We first lived together in Los Angeles, where I had moved from London and he still lived with his family. We had little money to buy furniture and we did so in a rush from second-hand emporia. Only the bed was something we bought with enthusiasm - a gigantic metal four-poster that could comfortably sleep three and which I could now never part with. We moved from one apartment to the next, and then across the country to Brooklyn, accumulating furniture and trappings from other people's castoffs and IKEA.

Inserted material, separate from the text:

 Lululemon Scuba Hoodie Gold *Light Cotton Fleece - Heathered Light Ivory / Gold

While we deferred to each other on individual items, never once did we stop to ask ourselves or each other what style we wanted or what for each of us truly made a home. And so our surroundings were a compromise, where neither of us was uncomfortable but neither, I believe was truly happy. Then we came to London. I had kept a house here while I was away and was returning home, but, apart from one previous visit, it was new to him. In various ways I tried to make the house equally his, but no matter what I did, it always felt to him like my home and not his and he could not explain to me what needed to be changed.

The weekend party was another difference between us. I enjoy drinking and meeting people but by one o'clock it's time for everyone to go home. But one o'clock sees him at his peak; it's time to stop talking and have fun, get out the electronic dance mat and see who can best follow the movements on the screen. Or pile onto the bed for the group photograph. Or play practical jokes or whatever comes to mind.

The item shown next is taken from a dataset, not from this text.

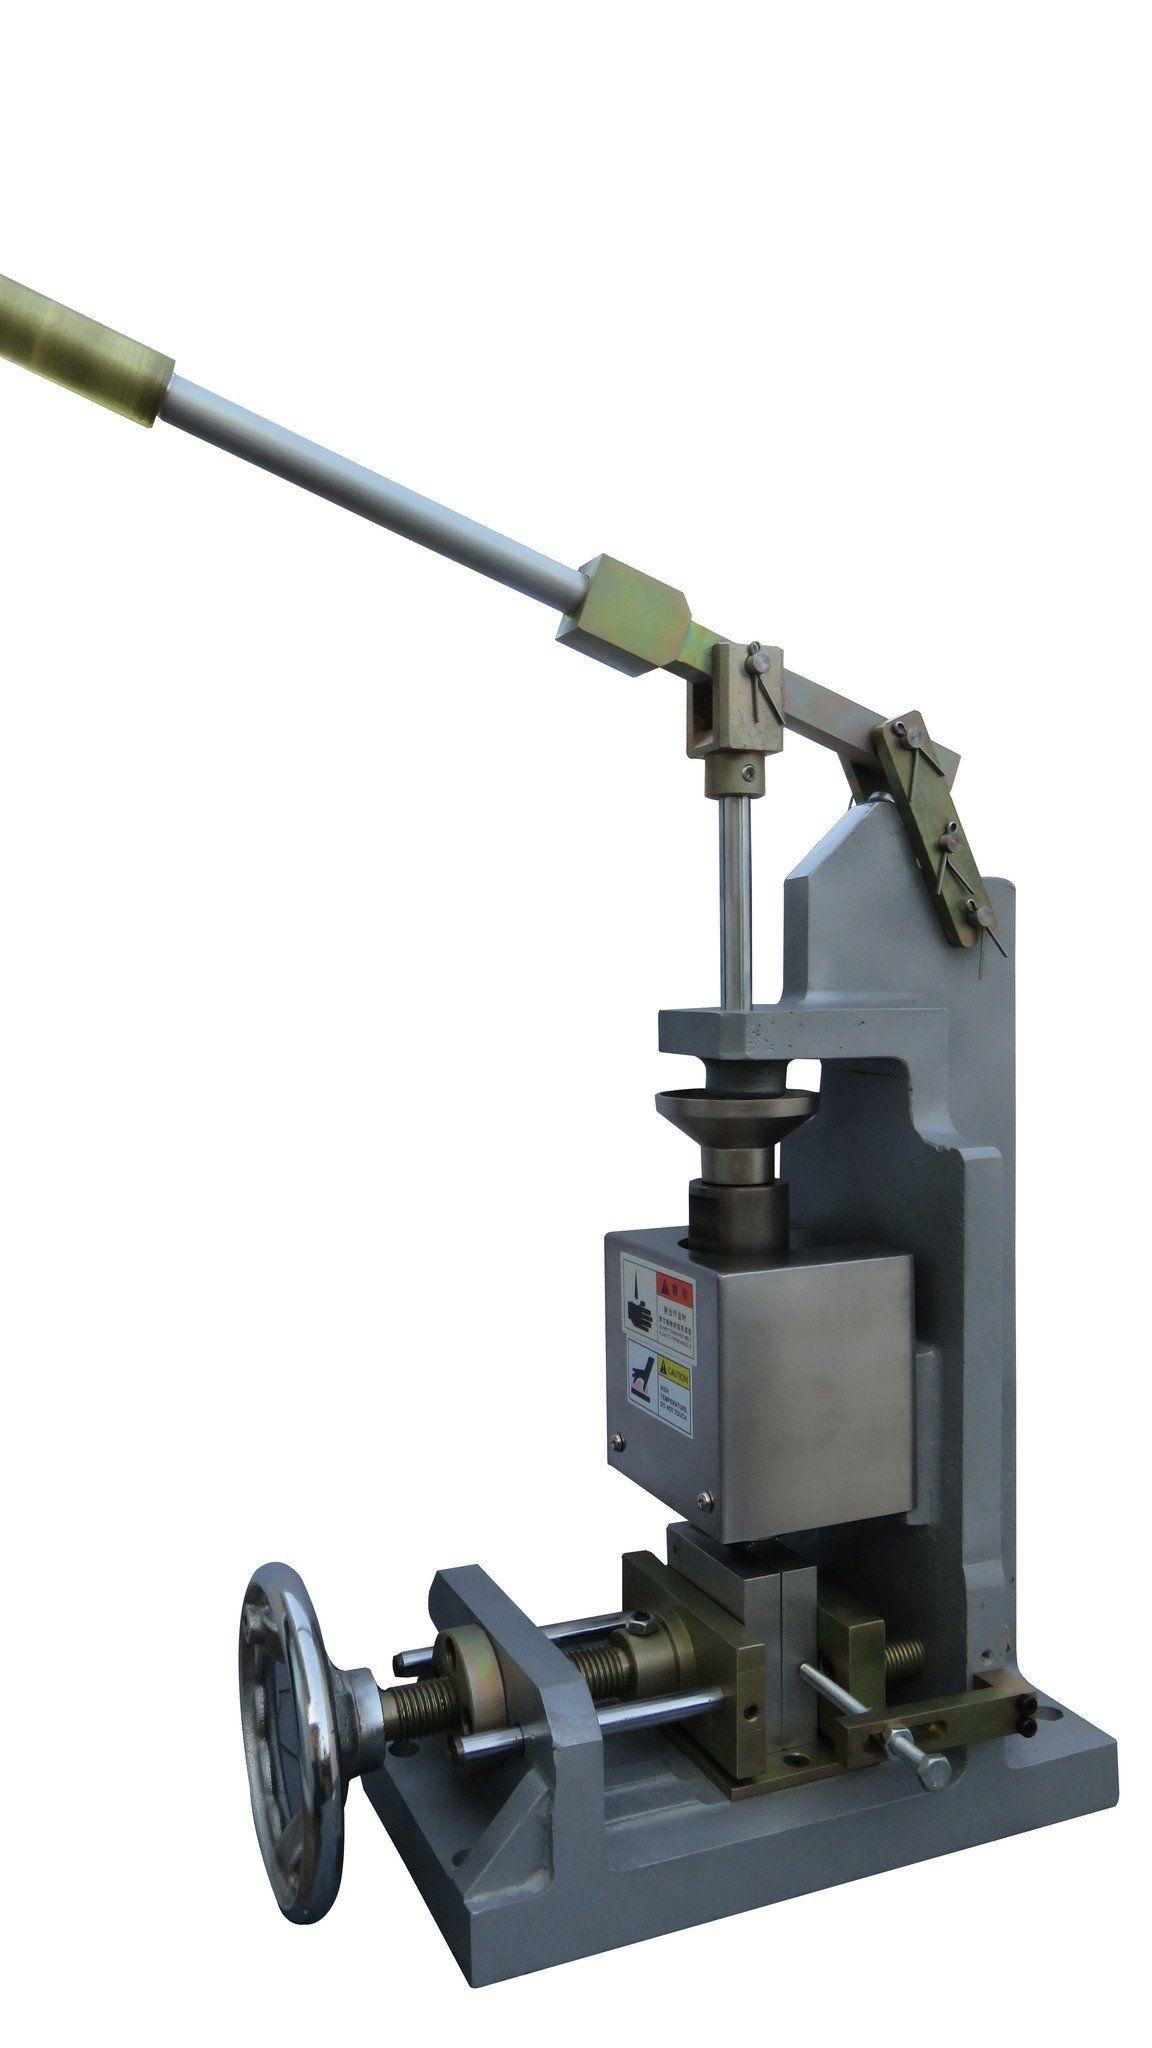 Manual Benchtop Injection Molding Machine Mim 200 Inclu A Standard

We see friendships differently as well. While he spends much of every weekend with the same group of friends, I prefer to see more people for less time and and am happy to spend time alone. My friendships also feel less aggressive than the ones I see him in, where affection is masked in constant swearing and insults. ("You've got it wrong," I can hear him say. Probably, but in such matters perception is as real as reality.)

When we lived together we did not see these issues. It did not occur to us to question our friendships and social life, to see what could be shared and what was best lived apart. We talked, but not enough, and perhaps I talked too much and did not listen as well as I could. When we went through rough patches, it was never clear what was going wrong and whether we could salvage it.

If we stayed together so long, it was because much else bound us. Sexual attraction, of course. Overlapping, rather than similar, tastes in humour, film and the theatre. A love for the open air and hiking. An ability, when all was going well, to relax in each other's company. The warmth of sleeping in each other's arms. Above all the fact that we were never less than honest with each other, that even when furthest apart physically and emotionally, each saw in the other someone he could always trust and love.

As I said, we will not be getting back together again. Sharing a house as we have sometimes done over the last few months reminds each of us how irritating the other can be. We're both too set in our ways to change and each of us has only a few of the qualities that the other looks for in a partner . But that doesn't matter. The worst is over. We have the next fifty years to enjoy our friendship.